AHRQ selected five winners:
HCA Healthcare-NC Division, Asheville, NC—Matthew Lundy (team leader), Andrew Johnson, Kaitlyn Bankieris Hannah Marshal, and Mabelle Krasne
The HCA Healthcare team used the county-level data provided by AHRQ with additional data from the Area Health Resources Files (AHRF) maintained by the Health Resources and Services Administration (HRSA) and data from the County Health Rankings & Roadmaps Program, a collaboration between the Robert Wood Johnson Foundation and the University of Wisconsin Population Health Institute to estimate their predictive analytic models using R, a software for statistical computing and graphics. After testing multiple combinations of ways to reduce the dimensions of data elements in the model, techniques to impute missing values, and predictive approaches, the team deployed XGBoost model with feedforward imputation for their winning predictions.
Premier, Inc., Charlotte, NC—John Martin (team leader), Michael Duan, Michael Herron, Michael Korvink, and Michael Long
The Premier Healthcare Solutions team used the county-level data provided by AHRQ with additional data from the AHRF maintained by HRSA to estimate their predictive analytic models using R and Python, a programming language. The team used elastic net regularization with cross-validation to narrow the selection of variables to be included in their model. In addition, missing values were imputed using multivariate imputation. The team deployed decision tree regression with adaptive boosting, an AdaBoost model, for their winning predictions.

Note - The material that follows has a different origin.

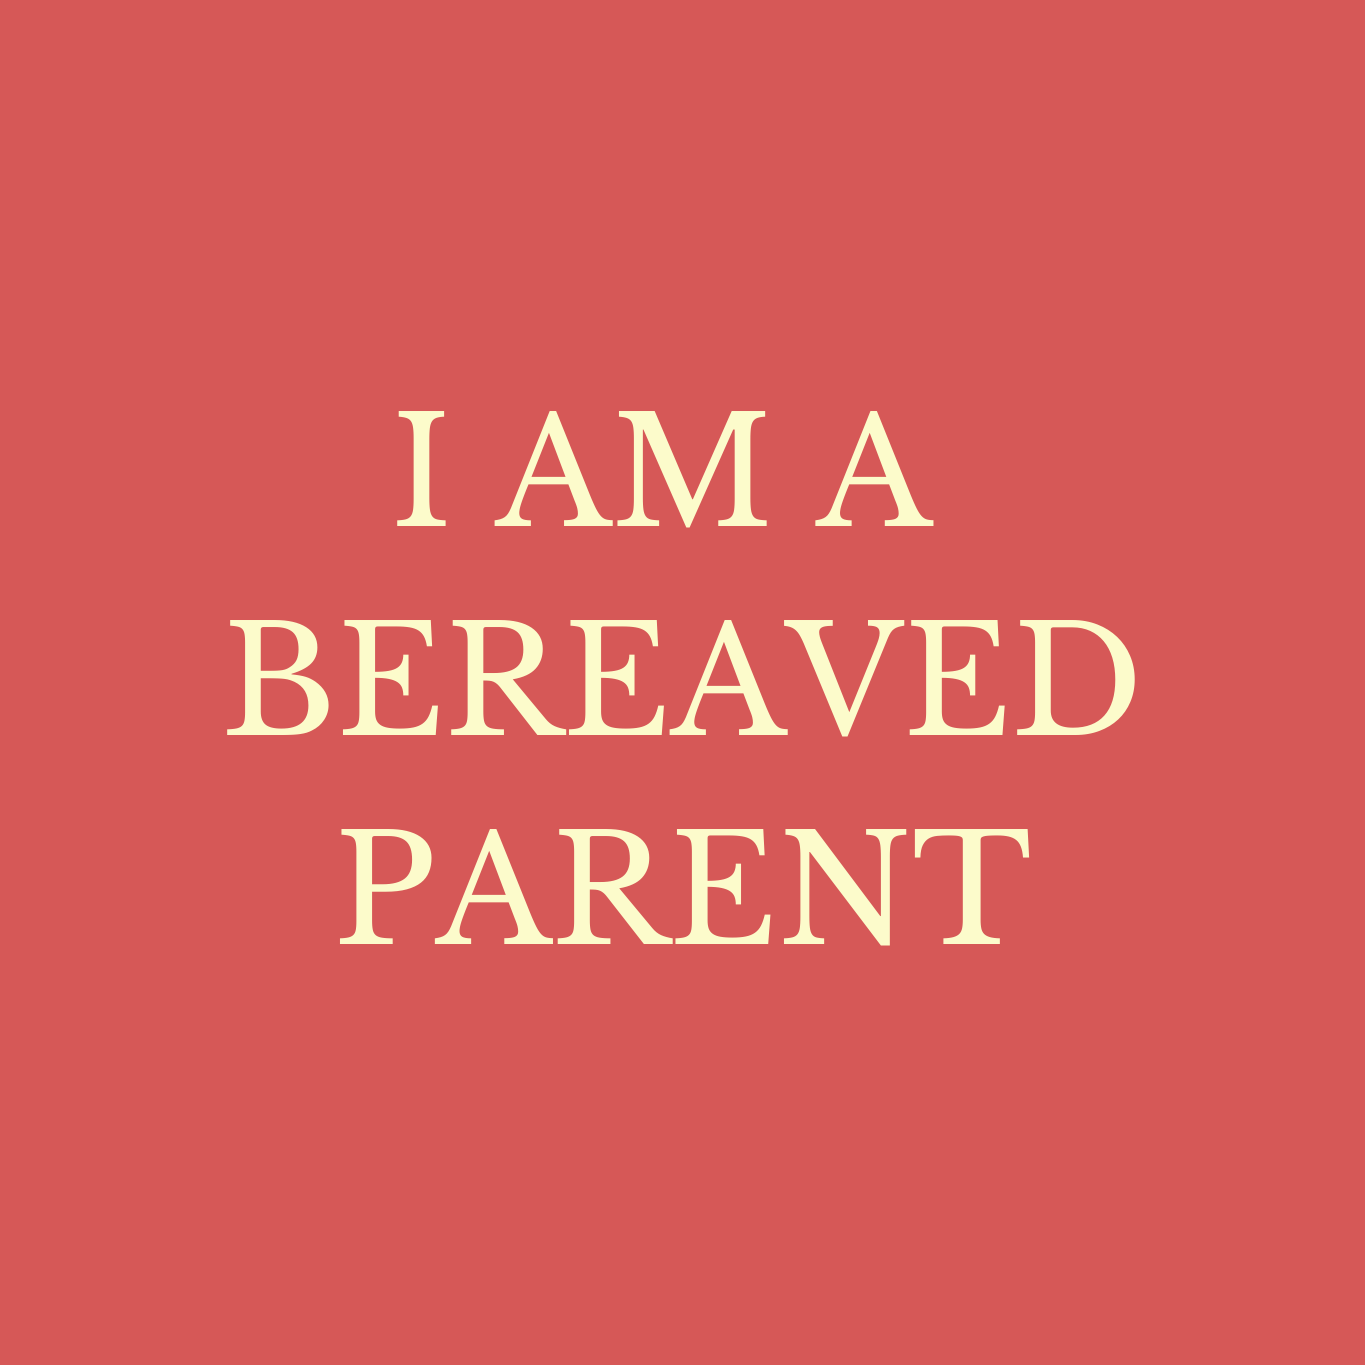 I AM A BEREAVED PARENT copy.png

Analytics Resource Center—Children's Hospital, Aurora, CO—Anusha Guntupalli (team leader), Alex Brown, Brad Ewald, Charles Huhn, Gordon Teubner, Irene Filatov, Jane Bundy, Jennifer Sadlowski, Kaitlin Calhoun, Marisa Payan, Sadaf Samay, and Todd Miller
The Children's Hospital team used the county-level data provided by AHRQ with additional data from the AHRF maintained by HRSA, and data from the US Department of Agriculture, US Census Bureau, US Bureau of Labor Statistics, and Centers for Medicare & Medicaid Services (CMS) to estimate their predictive analytic models using R. After testing several machine learning models, the team deployed the ensemble methods and random forest methods to produce the winning predictions.
Kalman & Company, Inc, Virginia Beach, VA—Brian Kadish (team leader), Zach Pryor, Jacob Walzer, Daniel Mask, and Andrew Onufrychuk
The Kalman & Company team used the county-level data provided by AHRQ with additional data from the US Department of Agriculture, US Census Bureau, US Bureau of Labor Statistics, and CMS to estimate their predictive analytic models using Microsoft Excel and Python. The team deployed a variety of methods, including triple smoothing with seasonality and random walk, among others, for their winning predictions.
Ursa Health, Nashville, TN—Colin Beam (team leader), Andrew Hackbarth, and Robin Clarke
The Ursa Health team used the county-level data provided by AHRQ with additional data from the Centers for Disease Control and Prevention and the US Department of Housing and Urban Development to estimate their predictive analytic models using R. The team deployed gradient boosting regression to produce their winning predictions.